CROSSROADS

REVIEWED BY CHARITY BISHOP

 

Our rating: 3 out of 5

Because of: sexual content, thematic elements

Rated:

 


 

Sooner or later it was bound to happen. Britney Spears is following in the footsteps of numerous pop icons before her. Mariah Carrey's film attempts bombed at the box office. Madonna never fails to pull in audiences. Jennifer Lopez has found a lovely nitch doing gritty dramas and fluffy romantic comedies. So where does Britney fit in? Wherever she wants to! Her film has comedy, drama, romance, and more than a few witty and even touching moments. Even so, it's nothing we wouldn't expect... a lot of skimpy clothing and a flippant attitude toward casual sex mars the message.

 

Flashlights illuminate the darkness as three giggling girls bury a box full of their dreams, and promise to return ten years later to dig it up on prom night. They will be friends forever, they swear. But dreams change, and the girls drift apart. Lucy's life has been a life of convention, of rules, of studying. She hasn't had time for a boyfriend, for parties, for music, for friendship. She's still a virgin! [Horror!] Her friends Mimi and Kit have taken different paths in the road of life. Kit is the homecoming queen, and engaged to a high-profile boyfriend; she has all the clothes, friends, and partying anyone could want.
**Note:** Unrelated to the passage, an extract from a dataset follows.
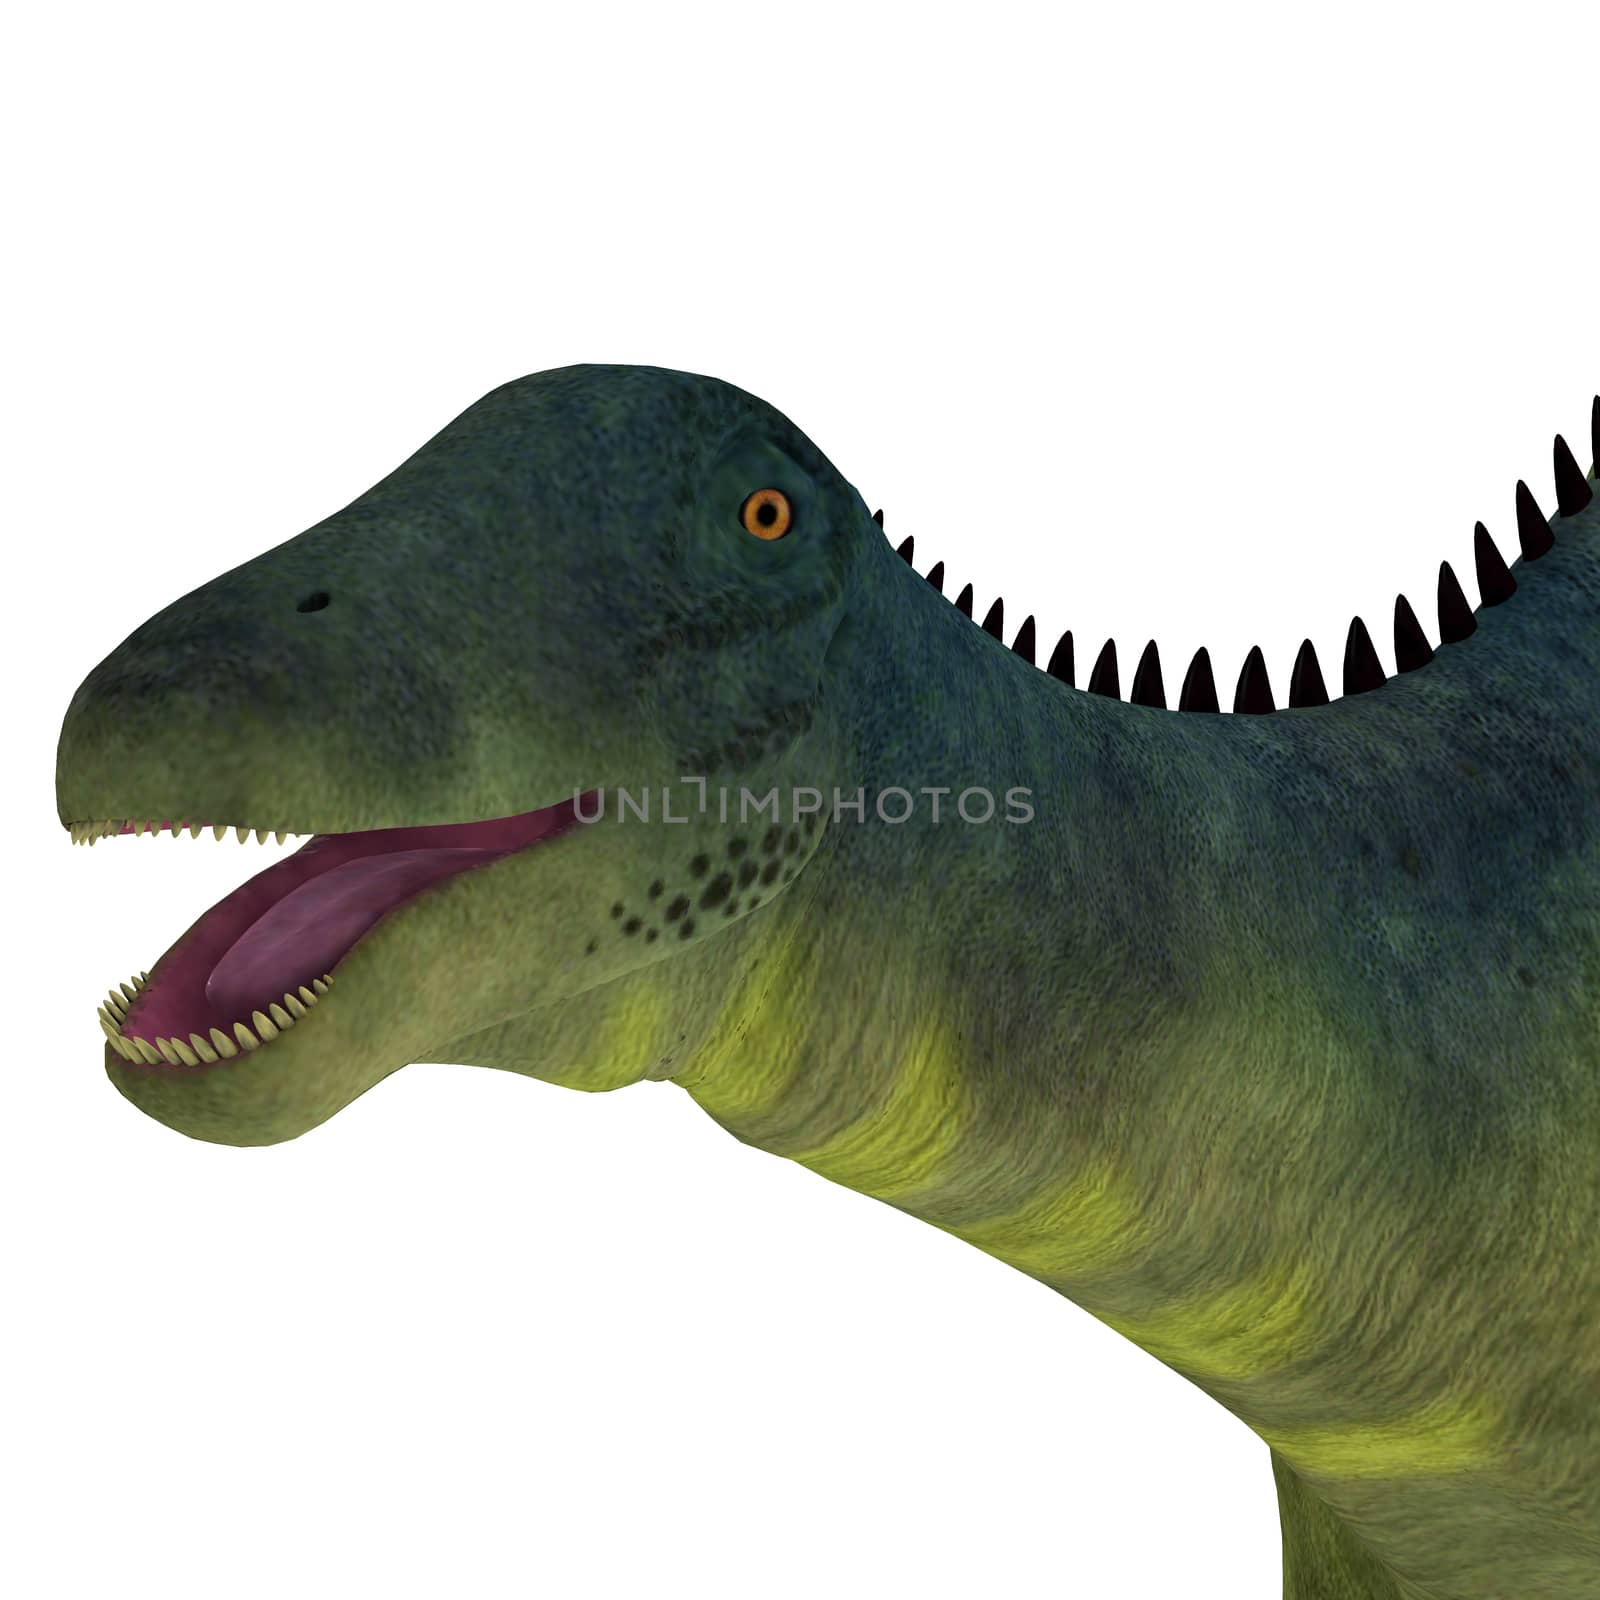 Brachytrachelopan was a herbivorous sauropod dinosaur that lived in Argentina during the Jurassic Period.

Mimi is the local trailer park chick, pregnant, although she refuses to reveal who the father is.

 

The girls meet back up to dig up their box, and each realize that their dreams -- the things they promised one another they would do -- haven't come true. Lucy left an image of her mother, who abandoned her and her father when she was a child. She resolved one day to find her. Mimi left a globe, because she wanted to see the world. And Kit's memory is her bridal Barbie, signifying that she wants to get married. It looks like only her dream is coming true... or is it? Her boyfriend, currently at college in California, doesn't seem all that interested in coming to visit her over the summer. Mimi decides that her dream IS going to come true, and catches a ride with Ben, an unknown guy from school, to California. At the last minute, her two former friends decide to come along, but it's going to be a bumpy ride.

 

These girls haven't gotten along since sixth grade. And they learn along the way that their driver has been in jail... possibly for murder! The threesome set out with barely any money, little expectations, not even a map to guide them. And somehow they find romance, friendship, and California without any major downfalls... unfortunately, it's what happens THERE that brings the tragedy into this happy gathering. Friendship is root of the film but even the good lessons are overshadowed by poor examples of growing up. Stupid choices, happy endings. Doesn't happen in real life -- but the film also manages to show the pitfalls of growing up.

 

I really liked the way the girls became friends again, after all that time apart. It proves that you don't need things in common to remain friends. It has several bittersweet turns, as the girls realize their dreams aren't all they thought them to be. I will warn you -- there may be spoilers in the next paragraph. Ben didn't do jail time for killing someone; it was an act of kindness wrongly persecuted by a cruel stepfather that landed him in the local pokey. Mimi insists on keeping her baby, which is the production of date rape, rather than aborting it, which is a nice change. Lucy realizes that the important thing in life is the family who stays and cares for you, rather than the mom who ran away.

 

Too bad problematic content intrudes. Lucy and her lab partner plan to have sex in the early part of the film; they go to a hotel room and romp half-dressed for awhile to suggestive music before she decides against it. (She is shown in a lacy bra and panties.) She's dancing in her underwear in the opening credits; the girls dance suggestively in low-cut tops and high-cut shorts at a bar to earn money; a guy comes on to Lucy on the dance floor. Innuendo, discussions on certain private parts of the anatomy, a guy staying in a girl's hotel room, and implied sex fill out the rest of the bad content, along with heavy drinking and some profanity. 

 

Overall, the soundtrack is great -- some of Britney's best known songs intrude, along with country singers and even NSync (a tribute, no doubt, to then-boyfriend Justin Timberlake). Crossroads isn't as bad as Glitter, and Britney isn't as bad of an actress as most would have you think. The bottom line is the 60's message all over again: "If it feels good, do it!" The problem with that policy is and always will be that actions have consequences. Britney has so much influence over teen girls but she's chosen to once again sell herself short.